- INSTRUCTIONS TO FOLLOW
Output the line that contains "Julie's Noodles in Austin, TX" together with each line after it, through the final line of the listing below, word for word; omit pictures.

- DATASET EXCERPT
* * *

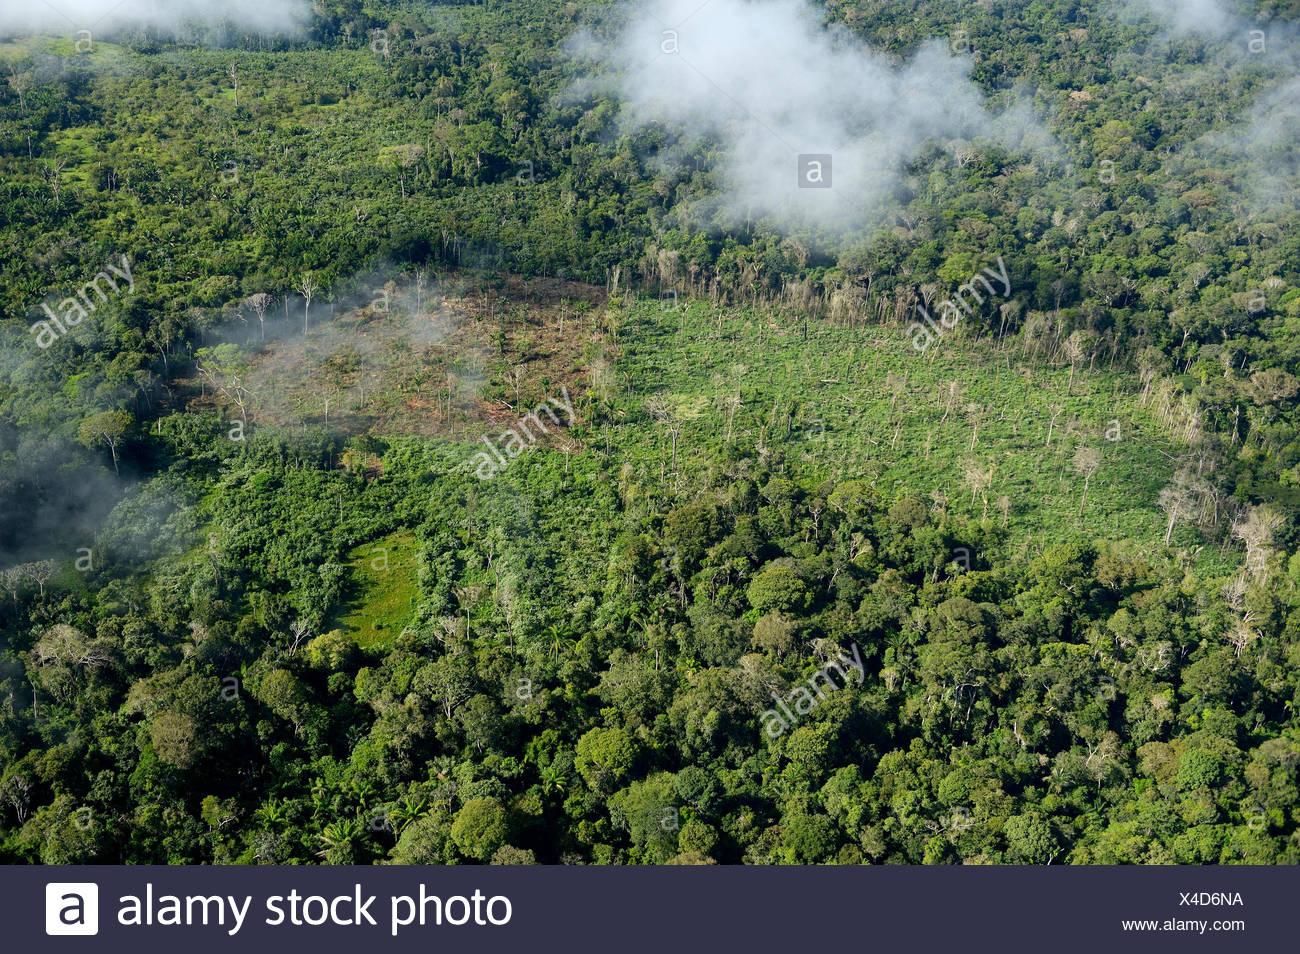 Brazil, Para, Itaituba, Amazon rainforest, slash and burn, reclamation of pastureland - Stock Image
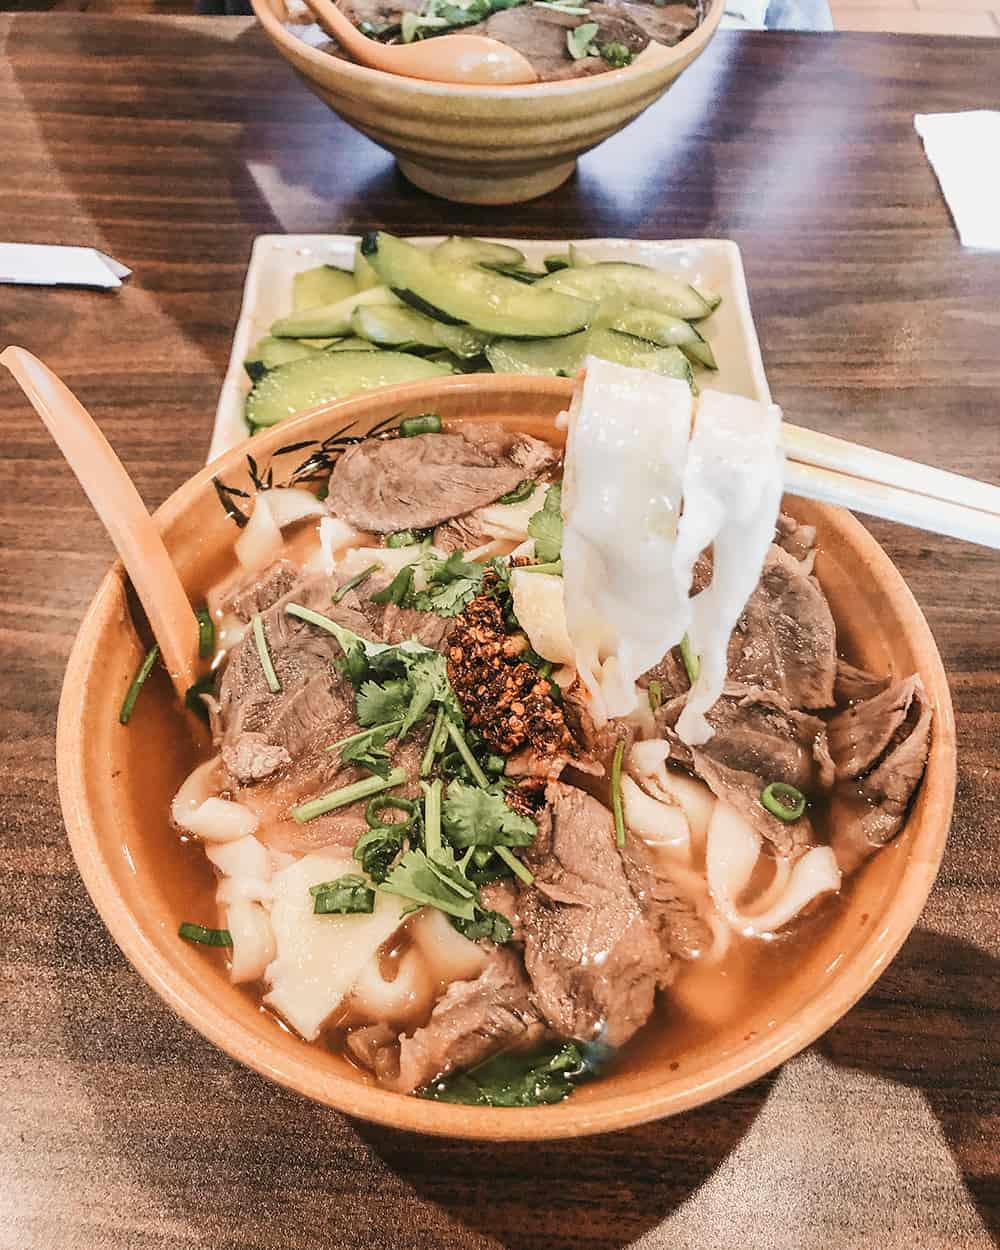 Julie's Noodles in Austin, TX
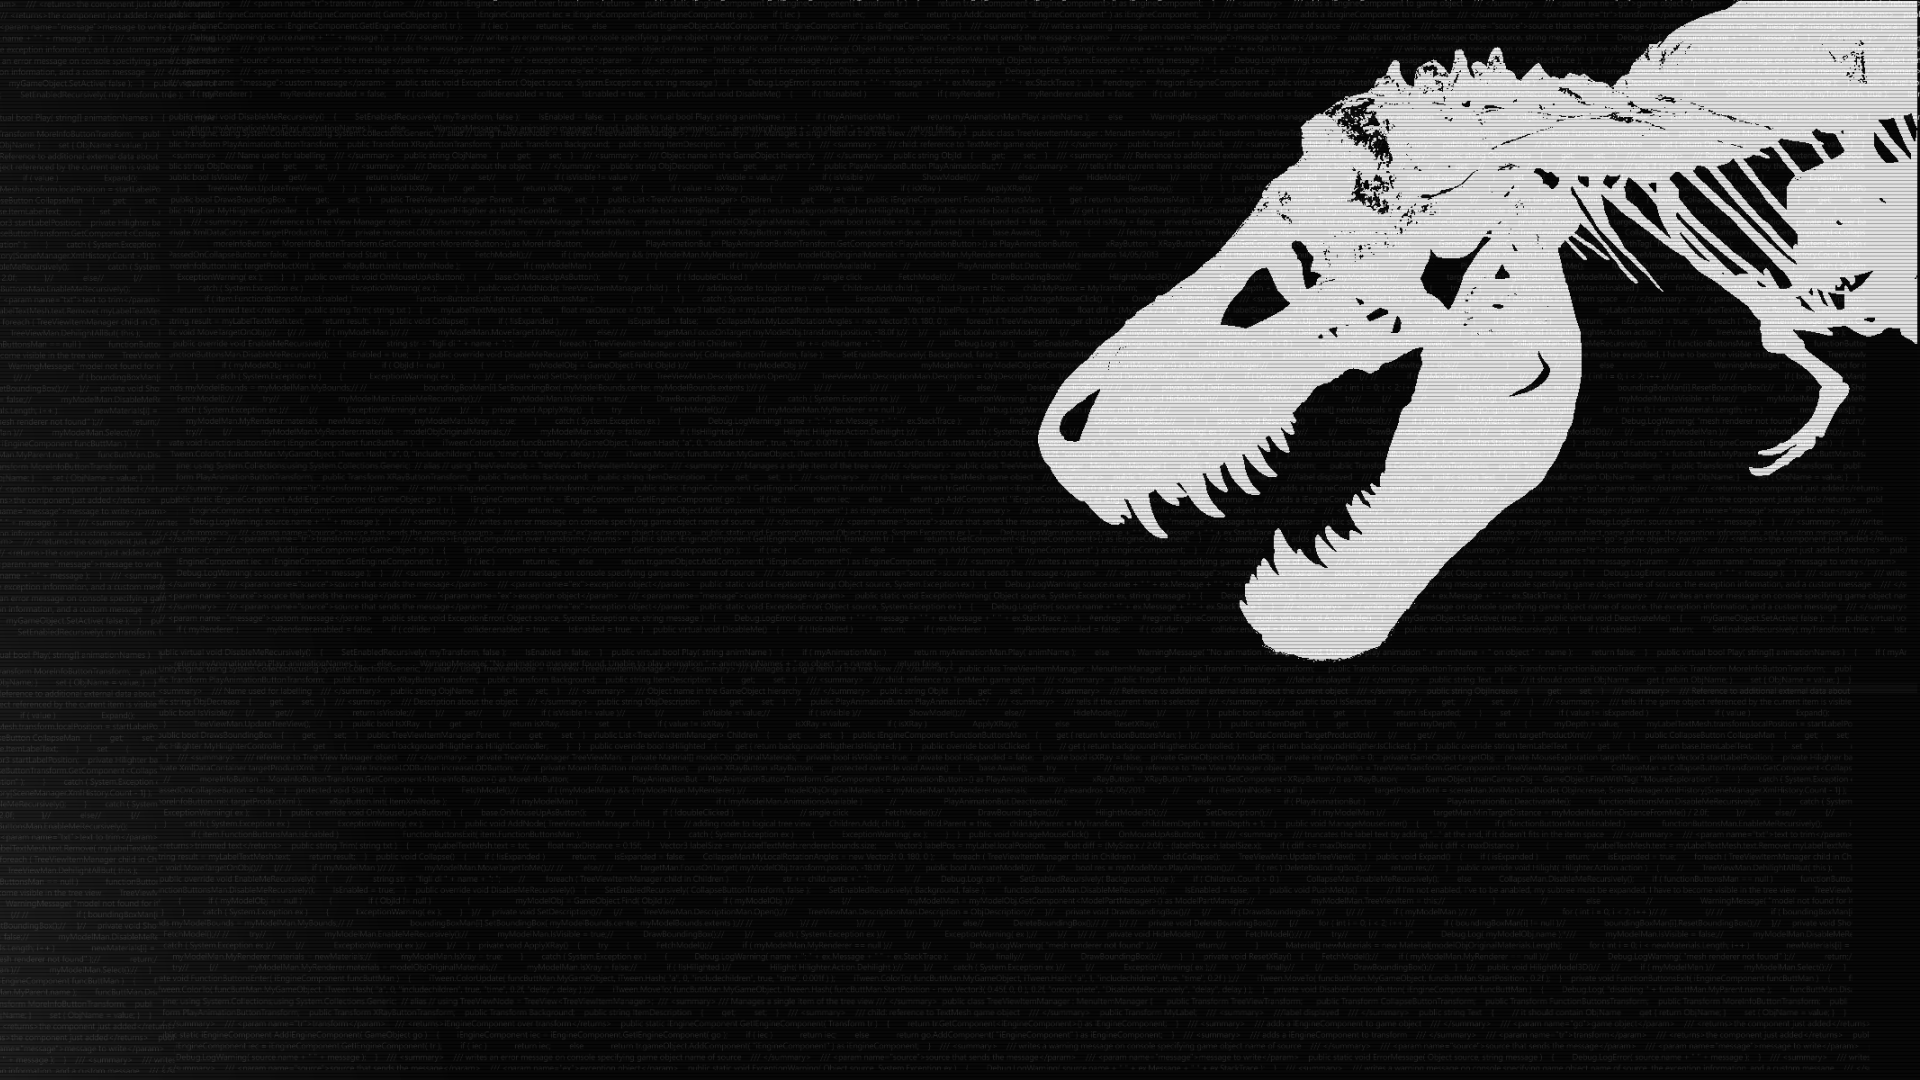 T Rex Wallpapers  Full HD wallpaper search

* * *

- EXERCISE ANSWER
 Julie's Noodles in Austin, TX
 T Rex Wallpapers  Full HD wallpaper search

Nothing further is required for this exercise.